Aim of the exercise: All that is wanted is the exact text of the lines below from the one with "日本新聞常見國家代表漢字" through the one with "Farmer examining a", inclusive, minus any pictures.

Material for the task:
************

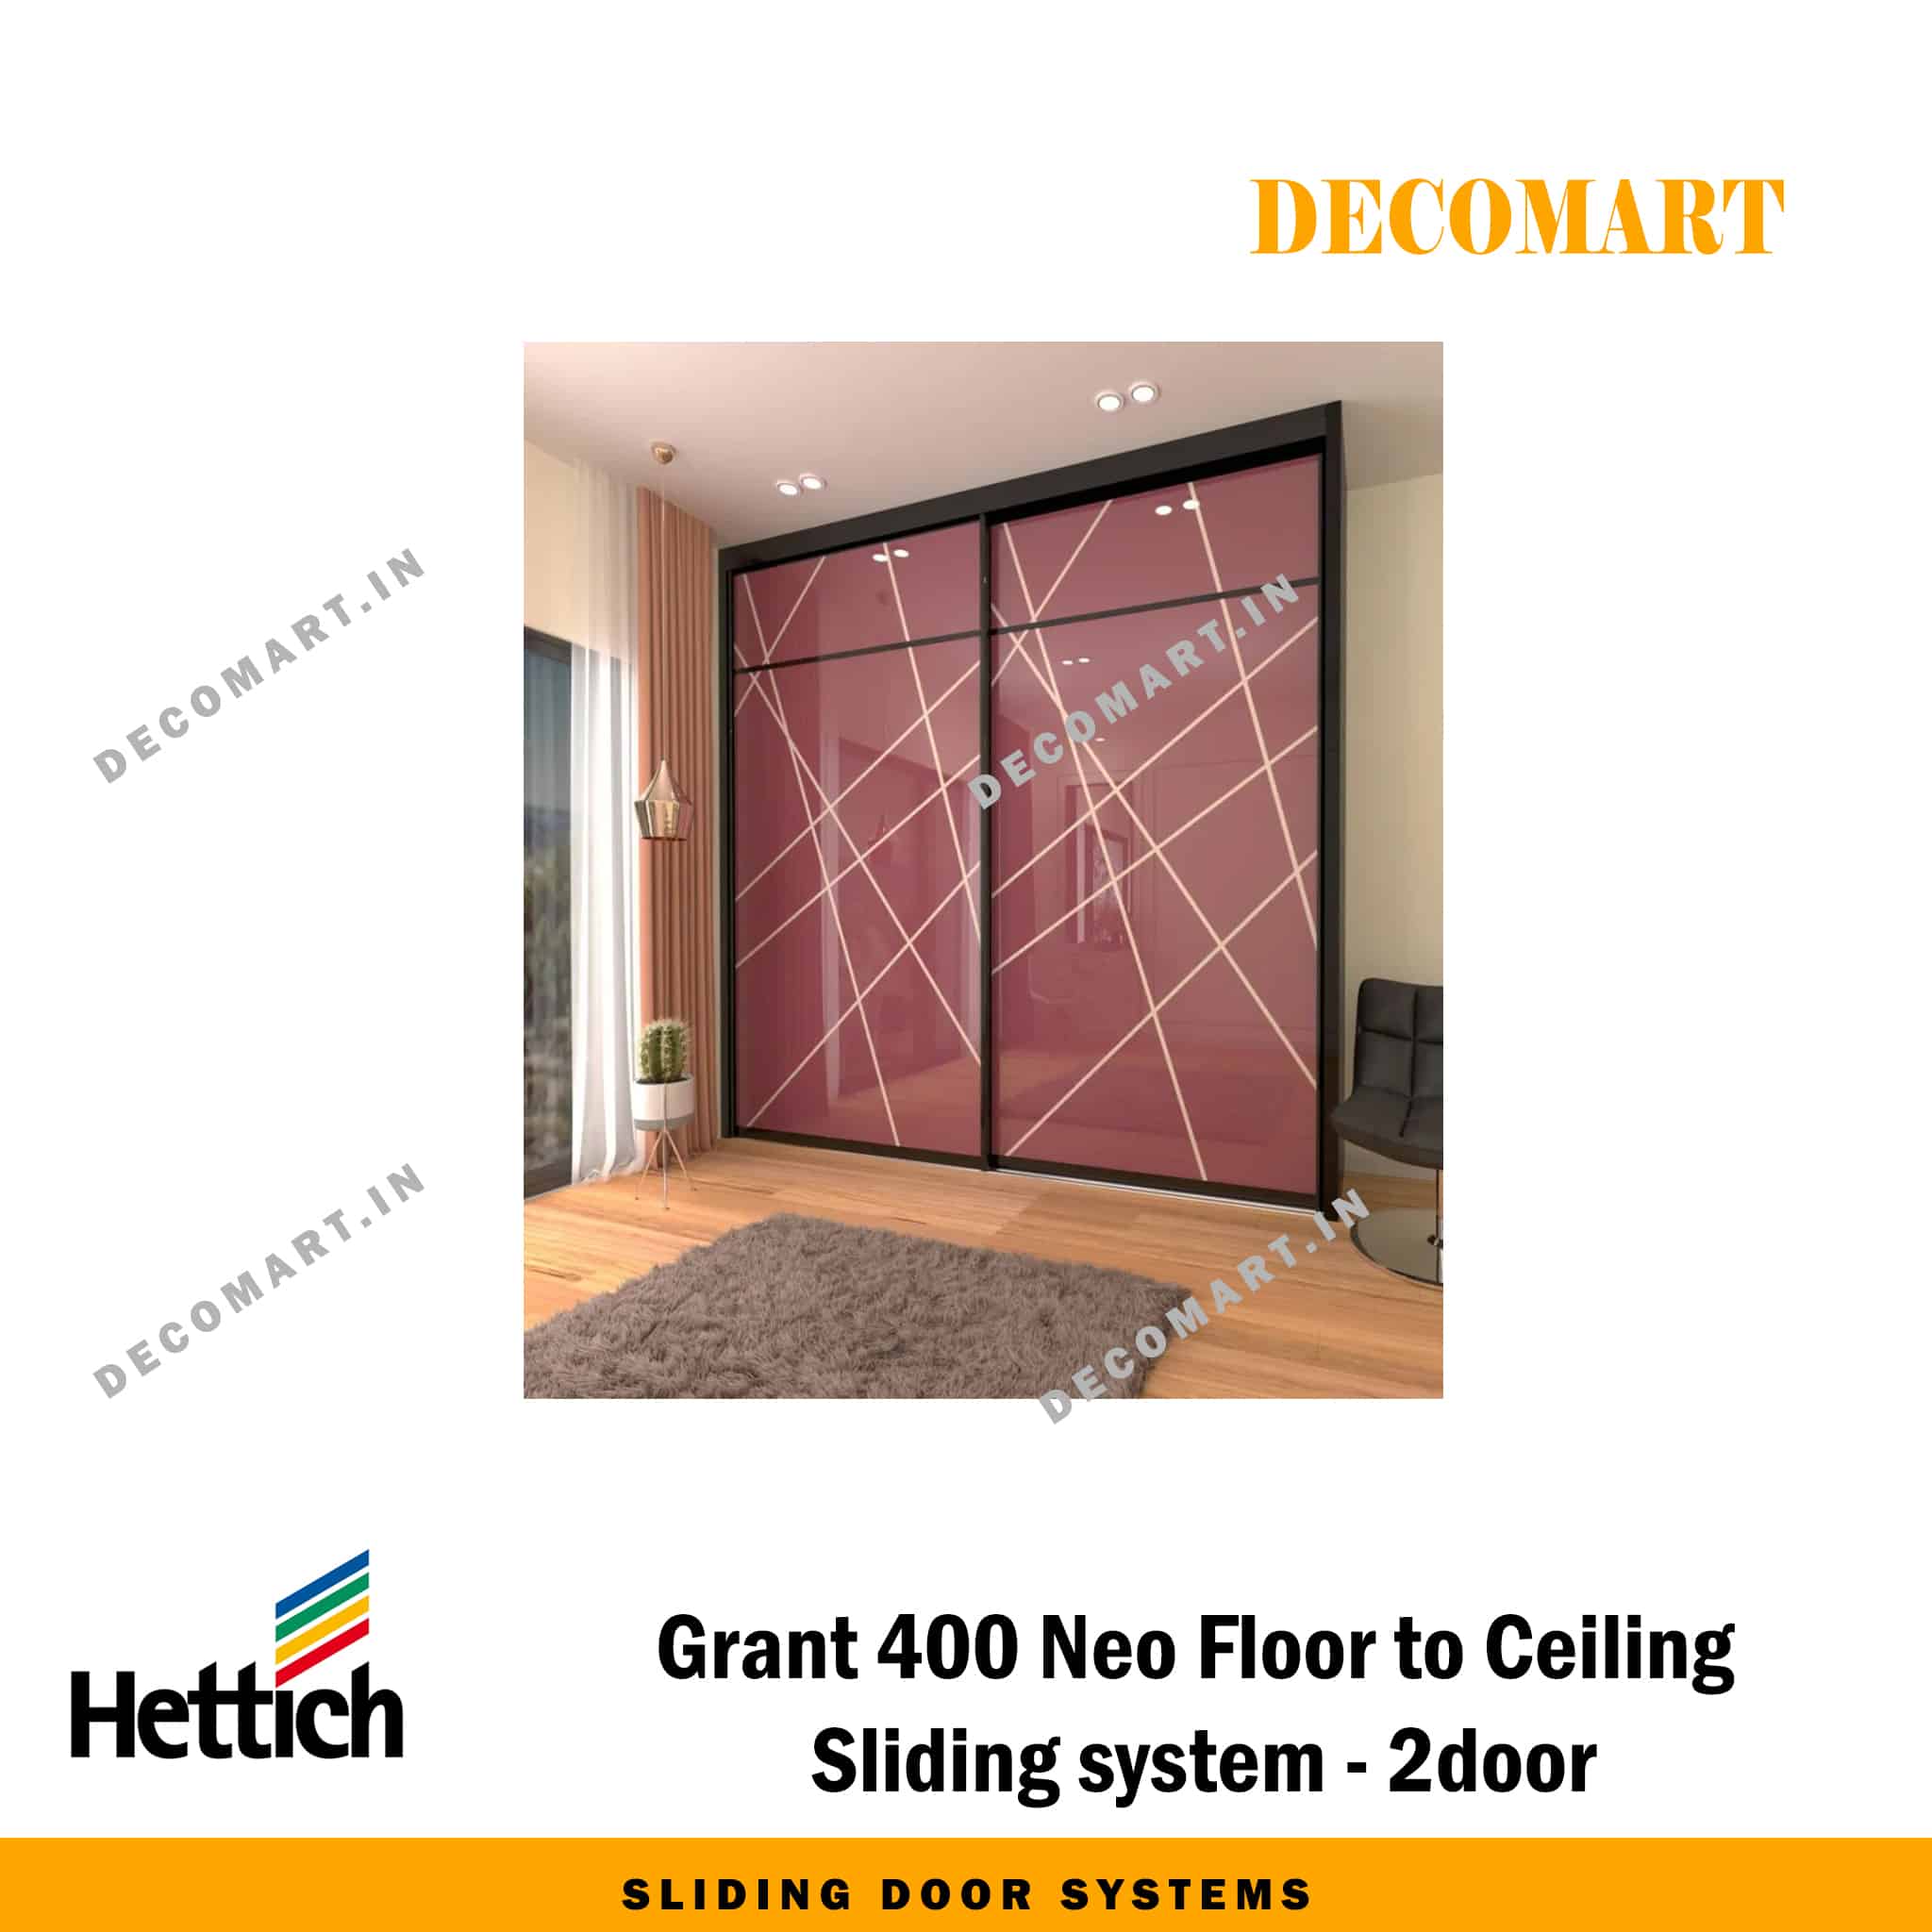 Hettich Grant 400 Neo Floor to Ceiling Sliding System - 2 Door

************

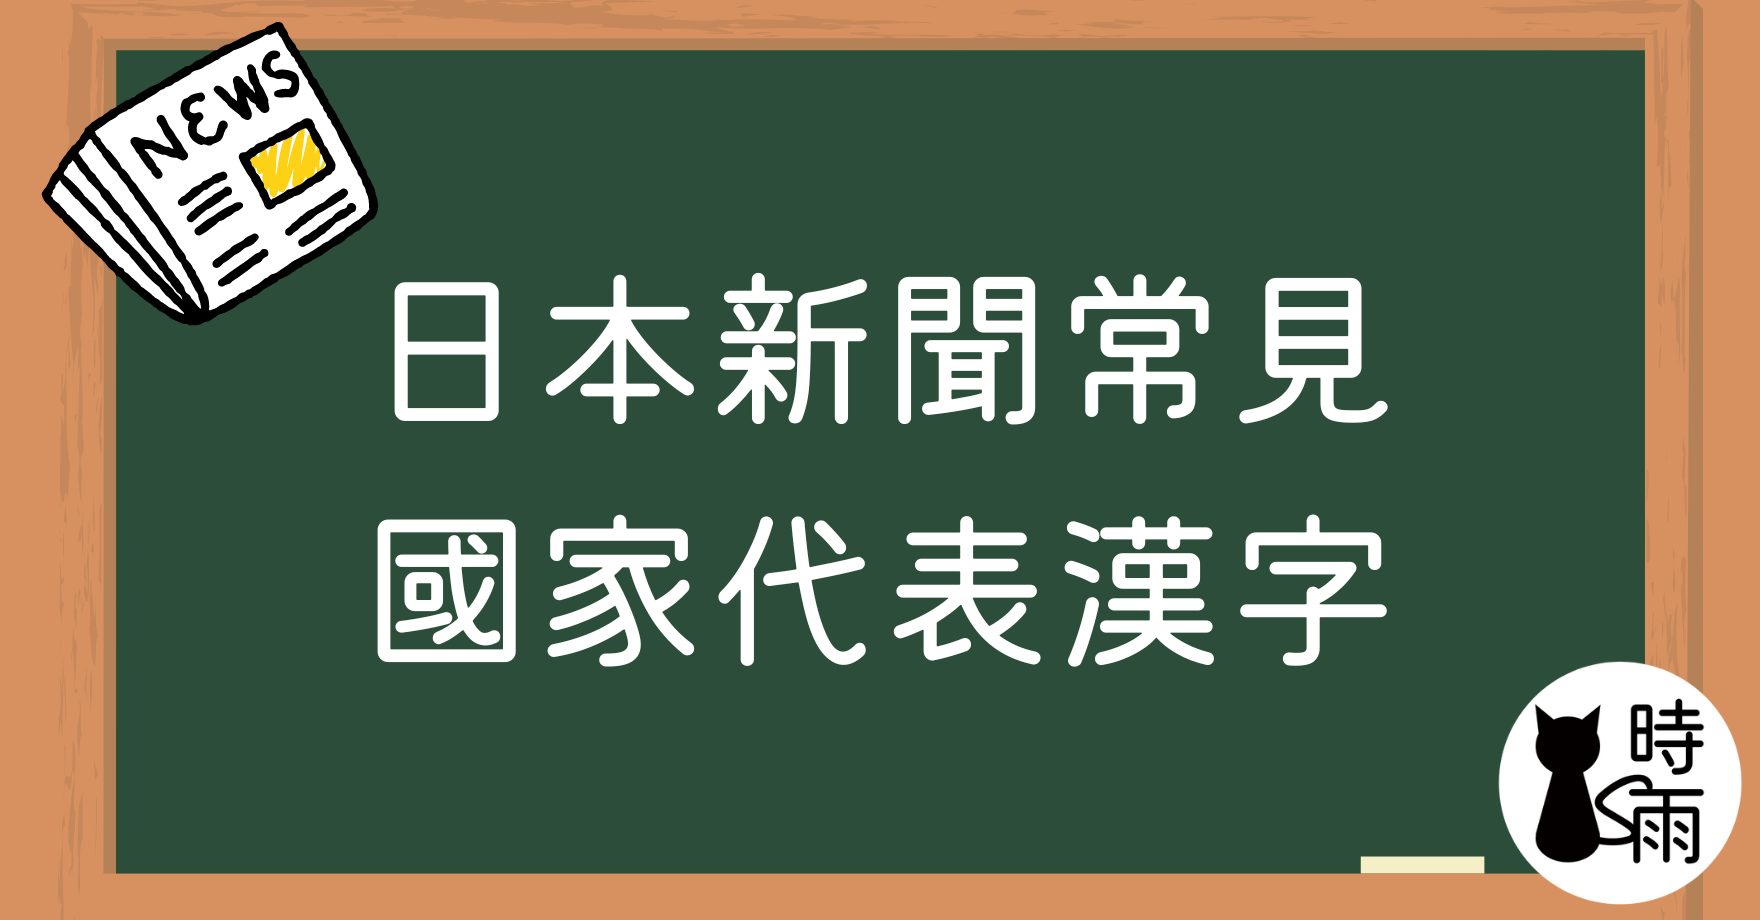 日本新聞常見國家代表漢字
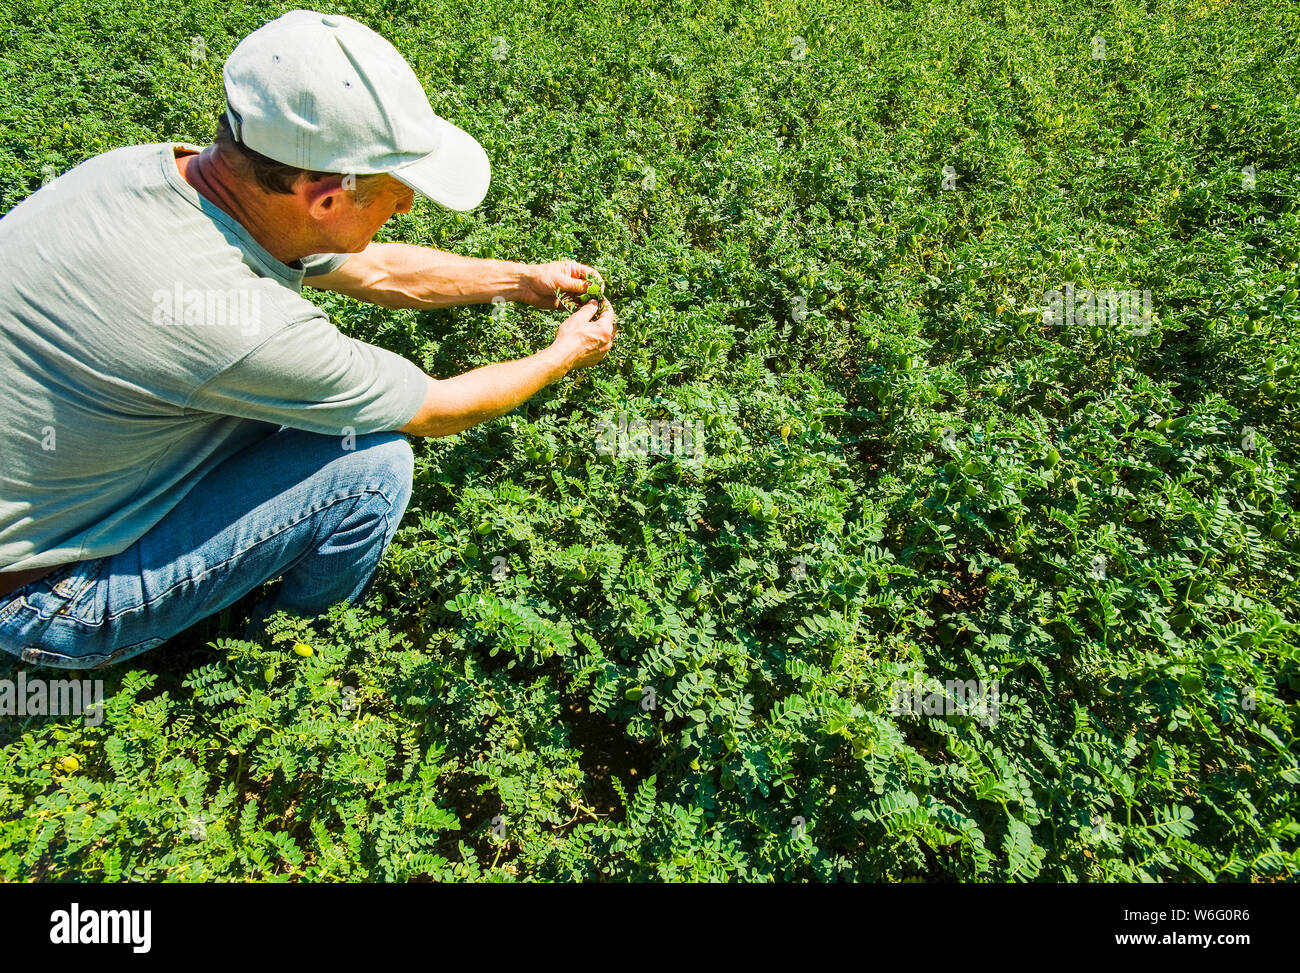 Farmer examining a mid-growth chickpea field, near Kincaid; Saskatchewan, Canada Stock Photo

************

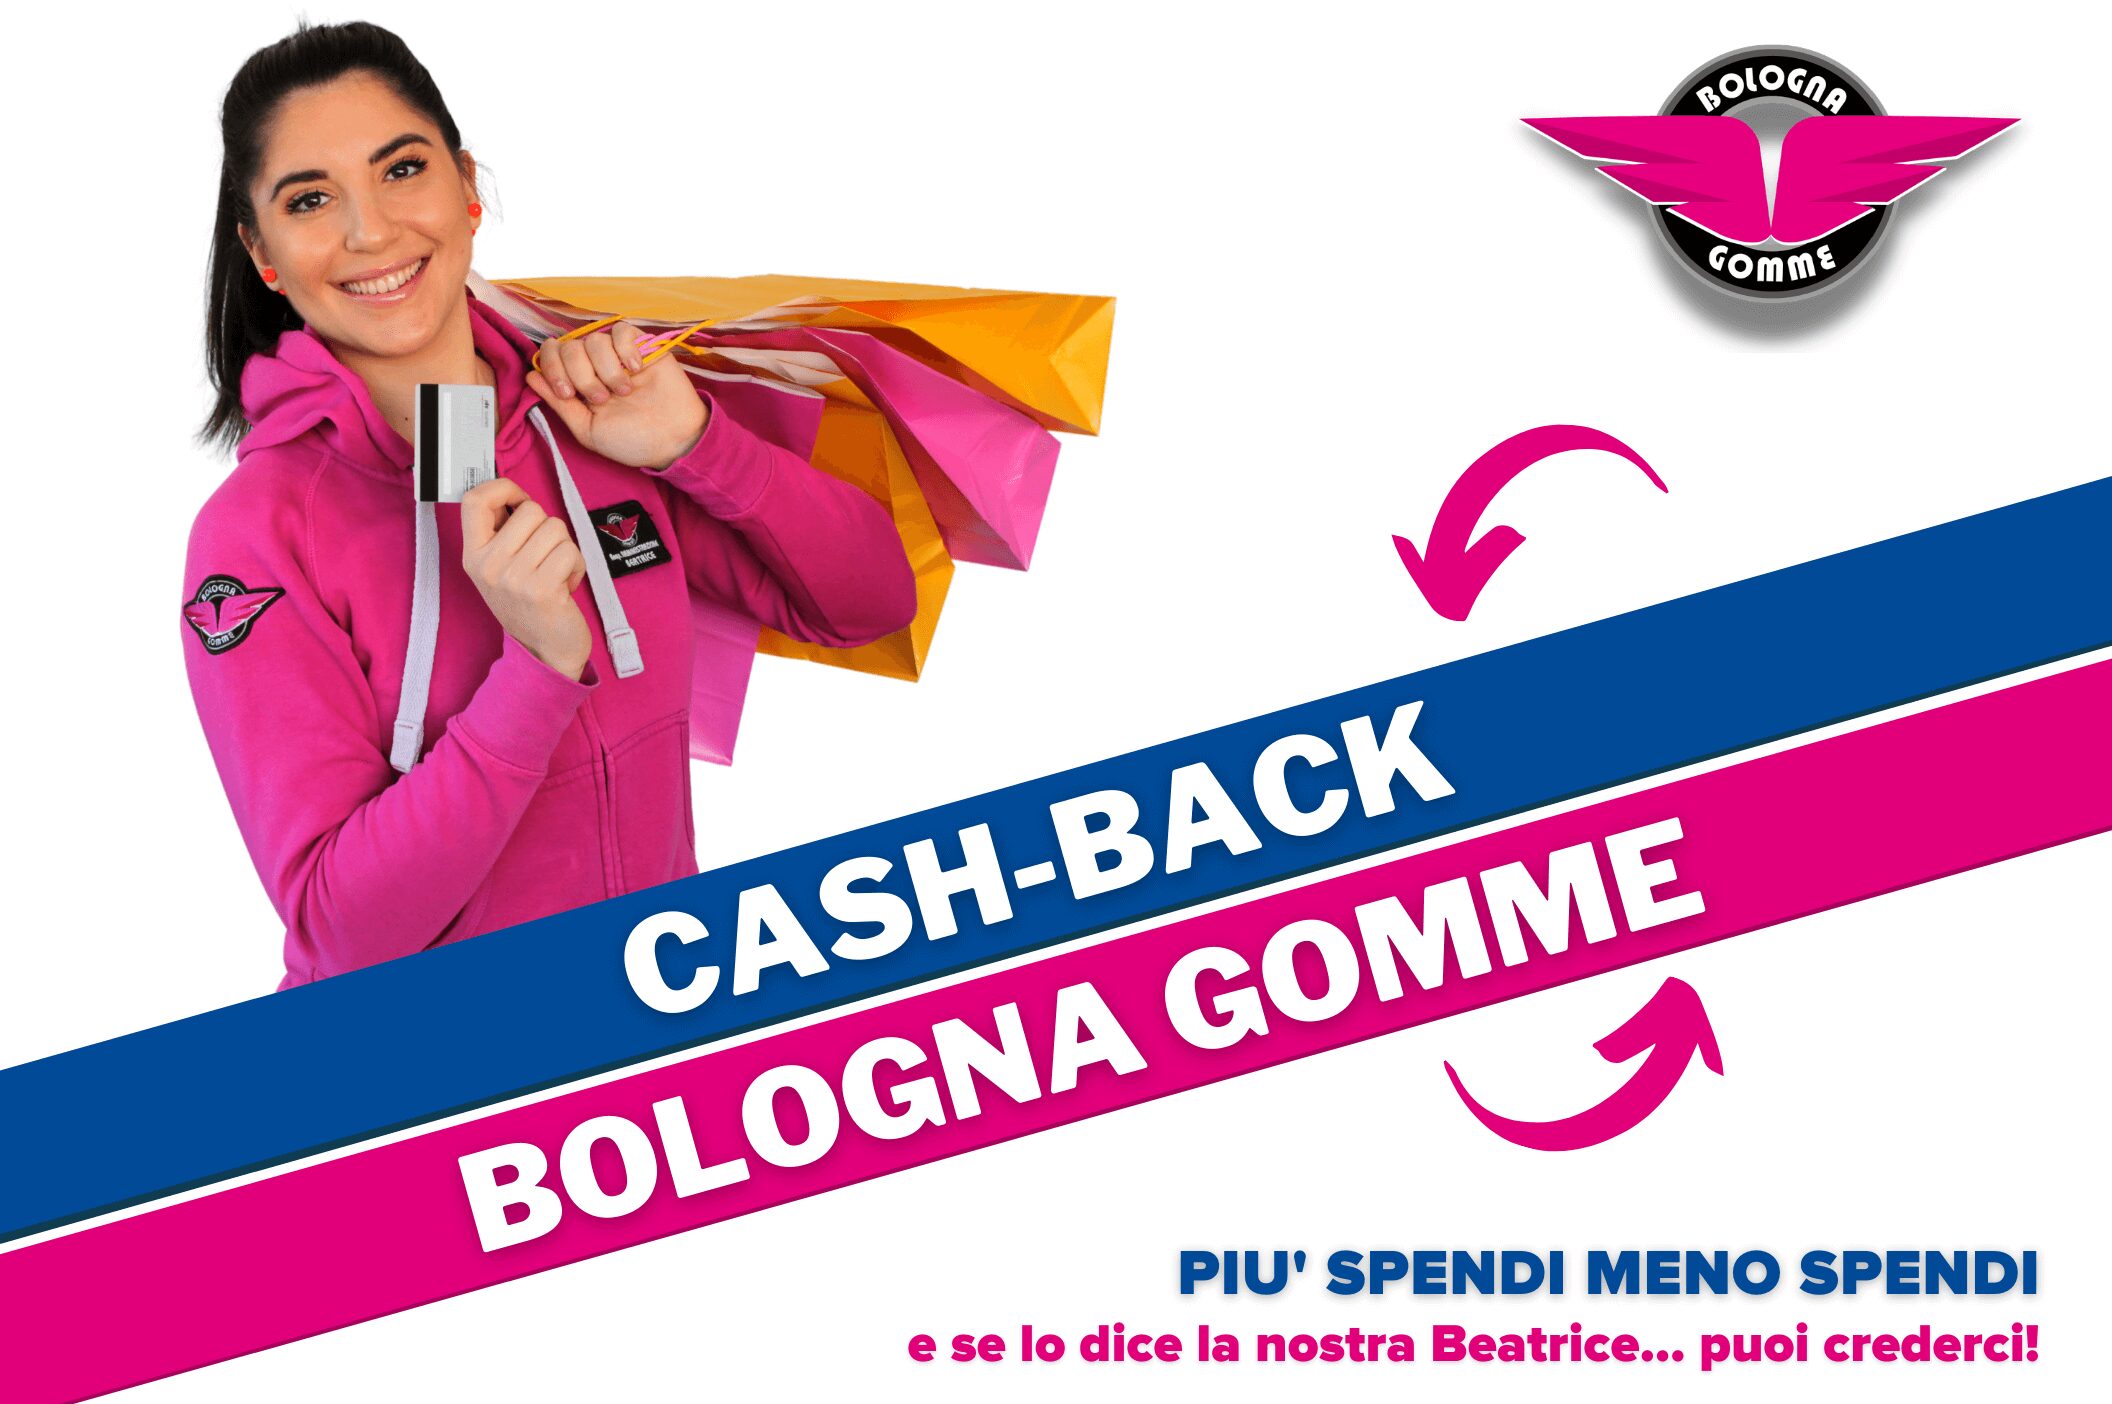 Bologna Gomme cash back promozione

************

Answer to this problem:
 日本新聞常見國家代表漢字
 Farmer examining a mid-growth chickpea field, near Kincaid; Saskatchewan, Canada Stock Photo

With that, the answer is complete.